### Collected material

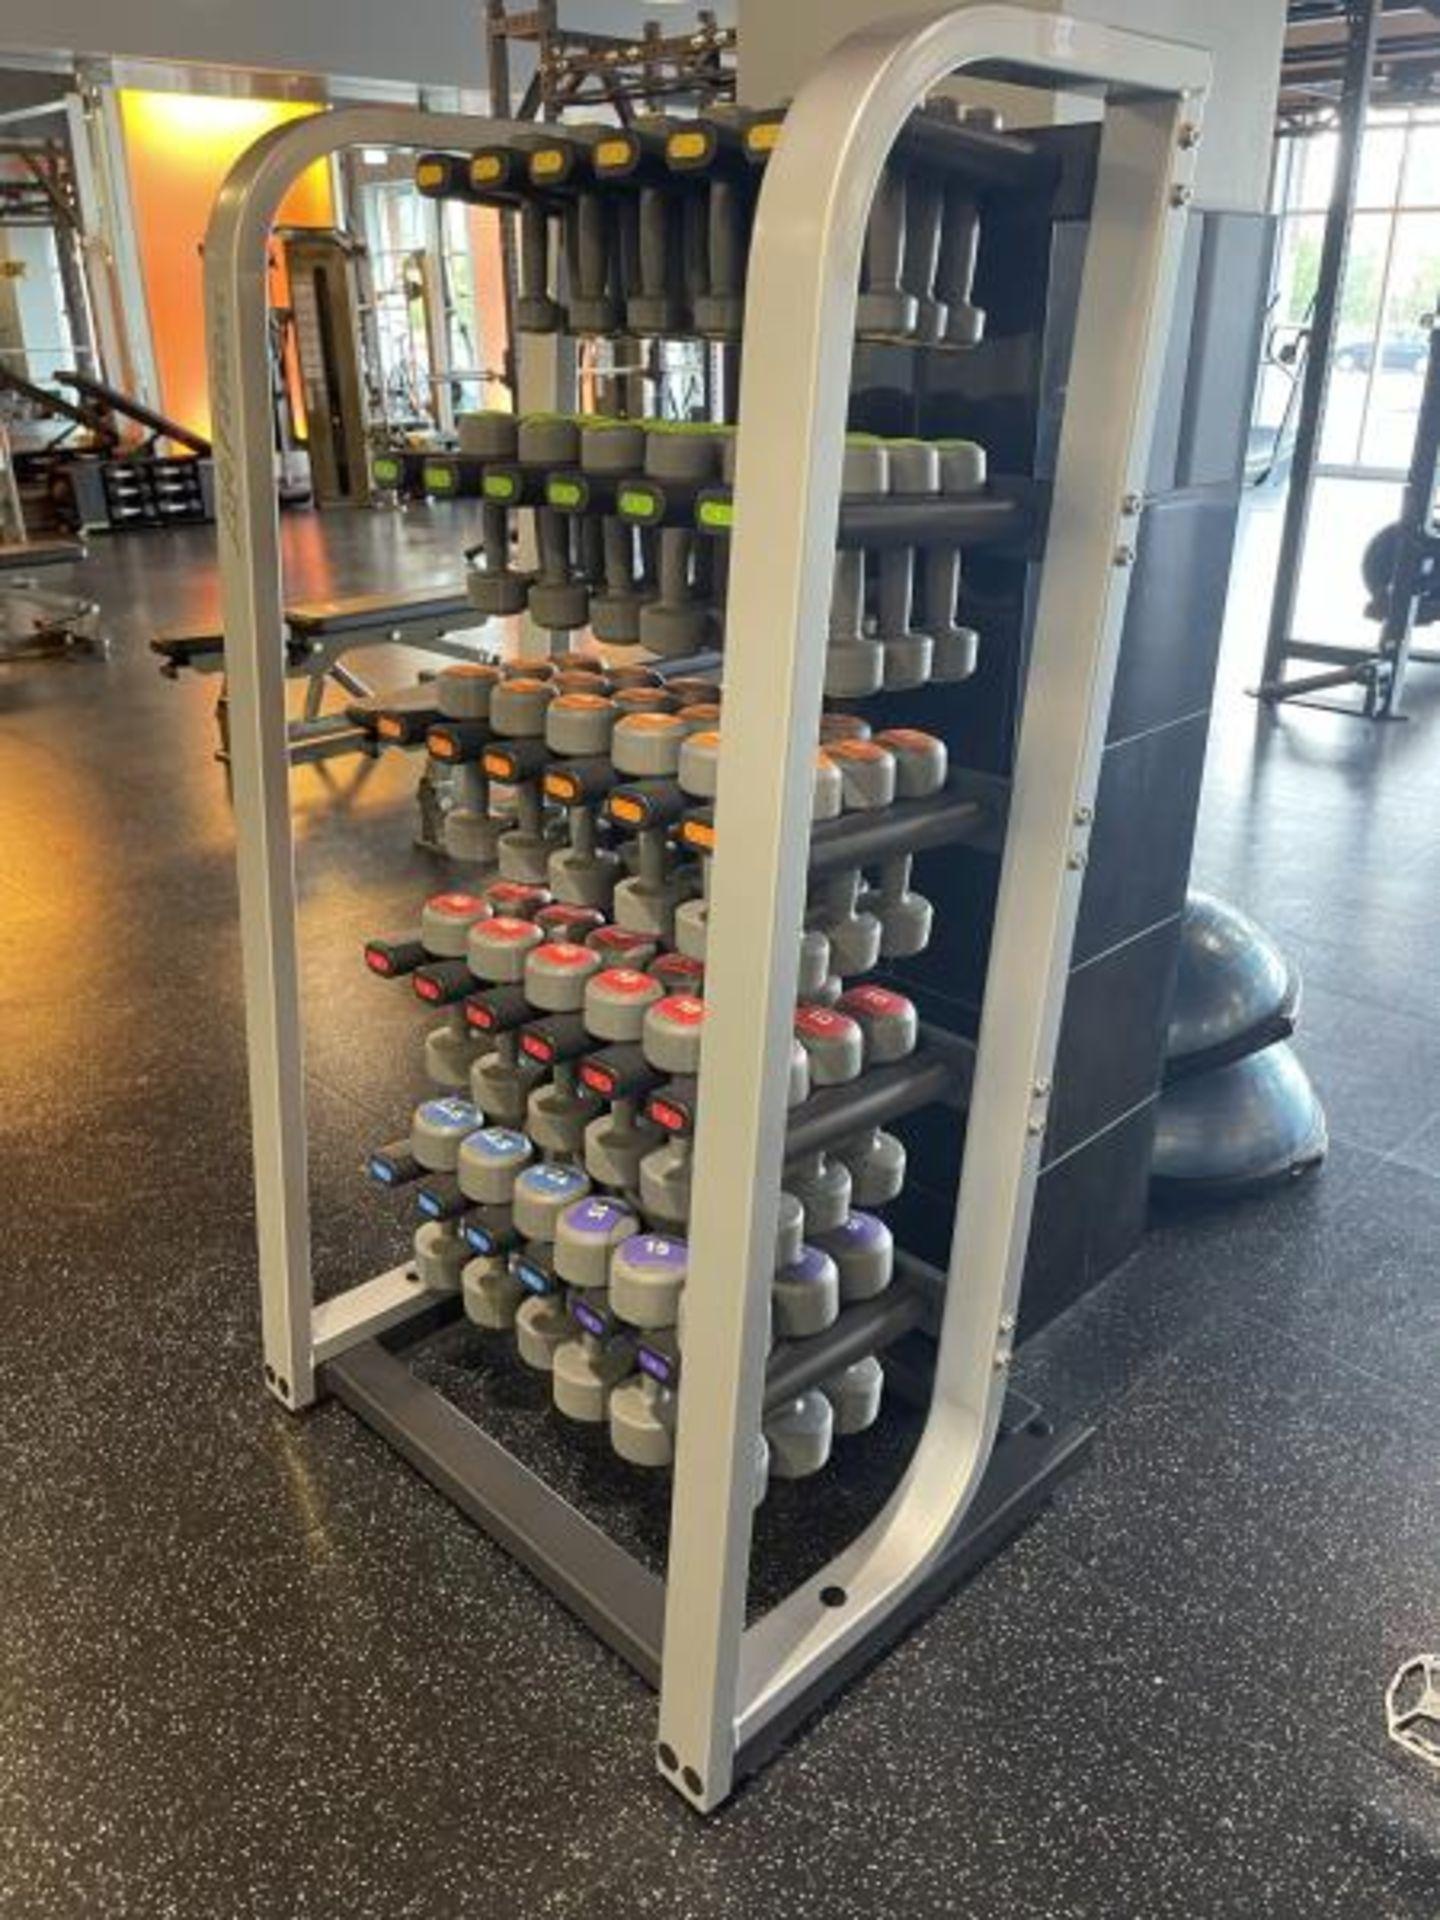 Life Fitness Dumbbell Rack, Coated, Lift Fitness Dumbbells 2.5, 5, 7.5, 10, 12.5, 15 LBS - Image 4 of 4
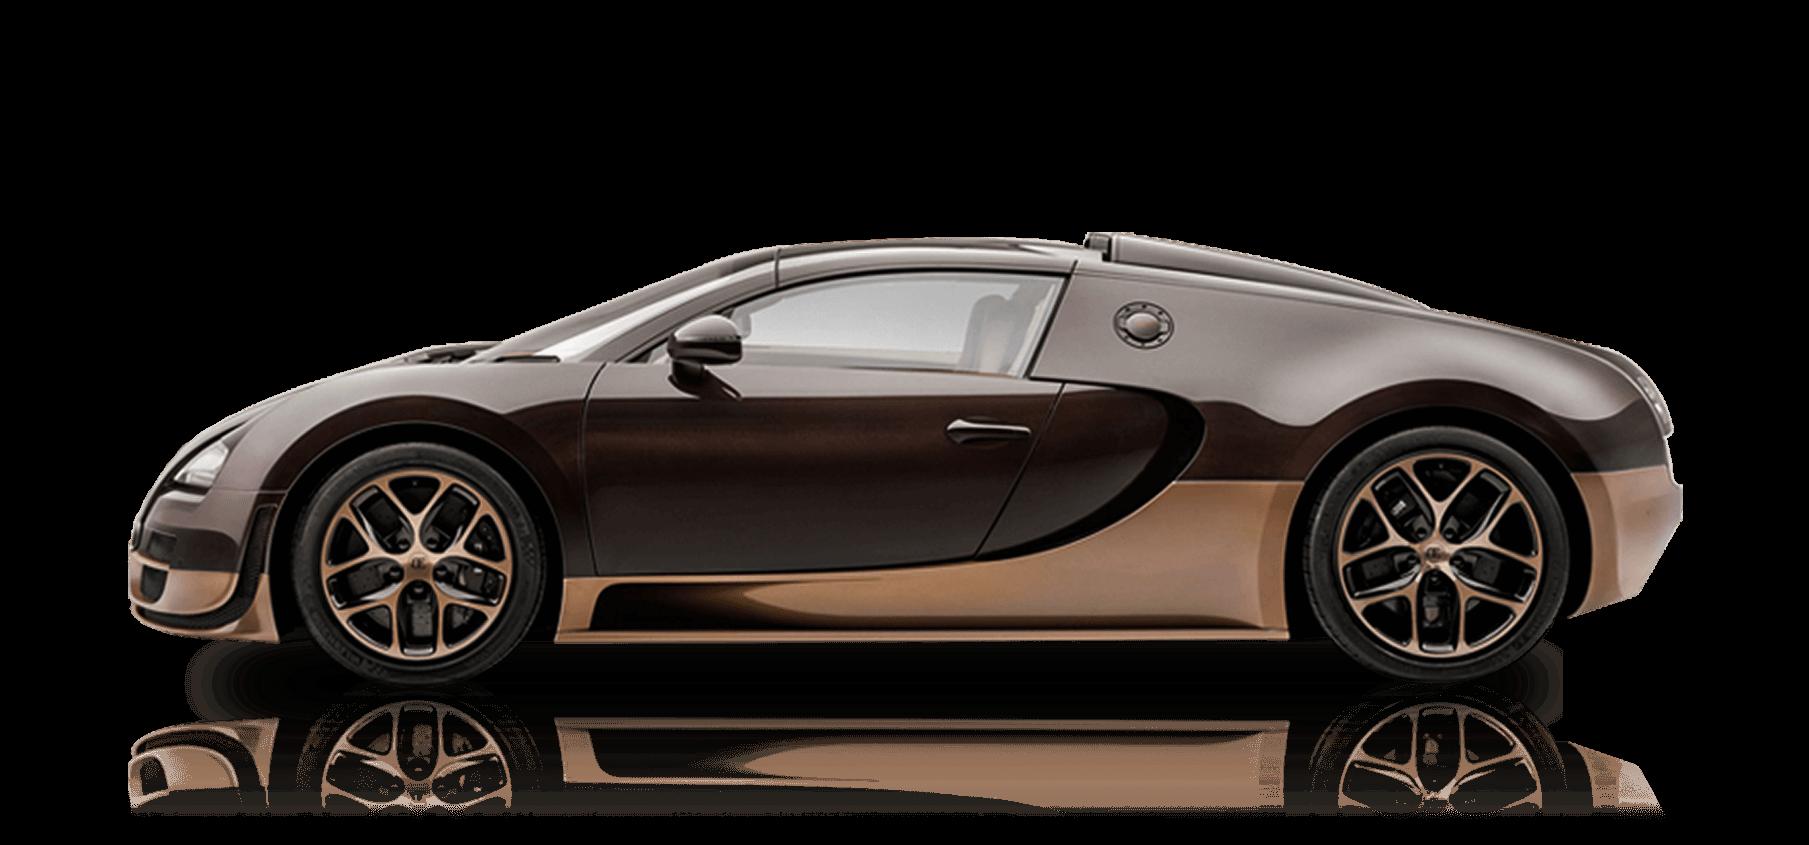 jbr500_bughatti-veyron
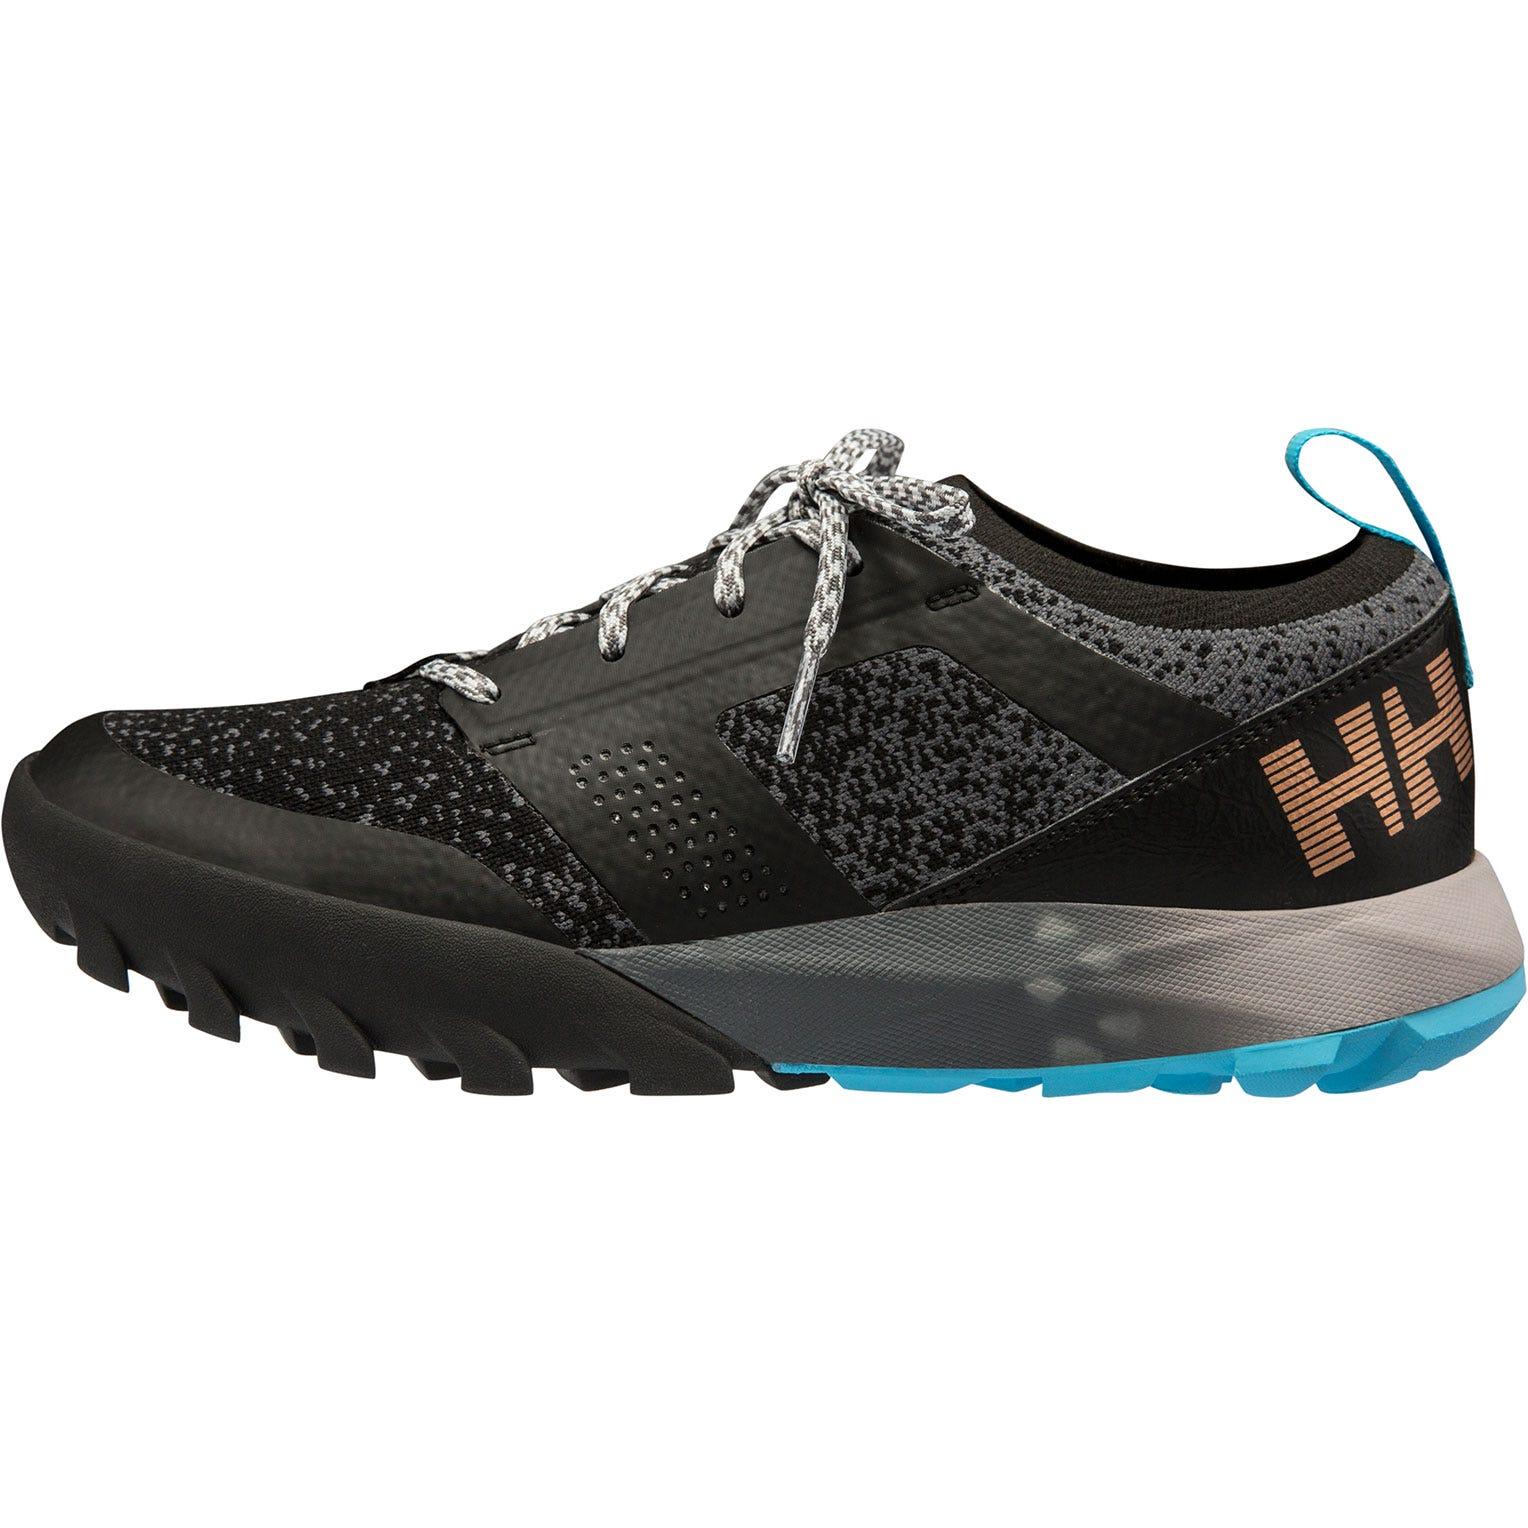 Helly Hansen W Loke Dash Womens Hiking Boot Black 40.5/9

######

Each line from the one containing "jbr500_bughatti-veyron" through the last line of the listing must be copied exactly, and the pictures must not be.

 jbr500_bughatti-veyron
 Helly Hansen W Loke Dash Womens Hiking Boot Black 40.5/9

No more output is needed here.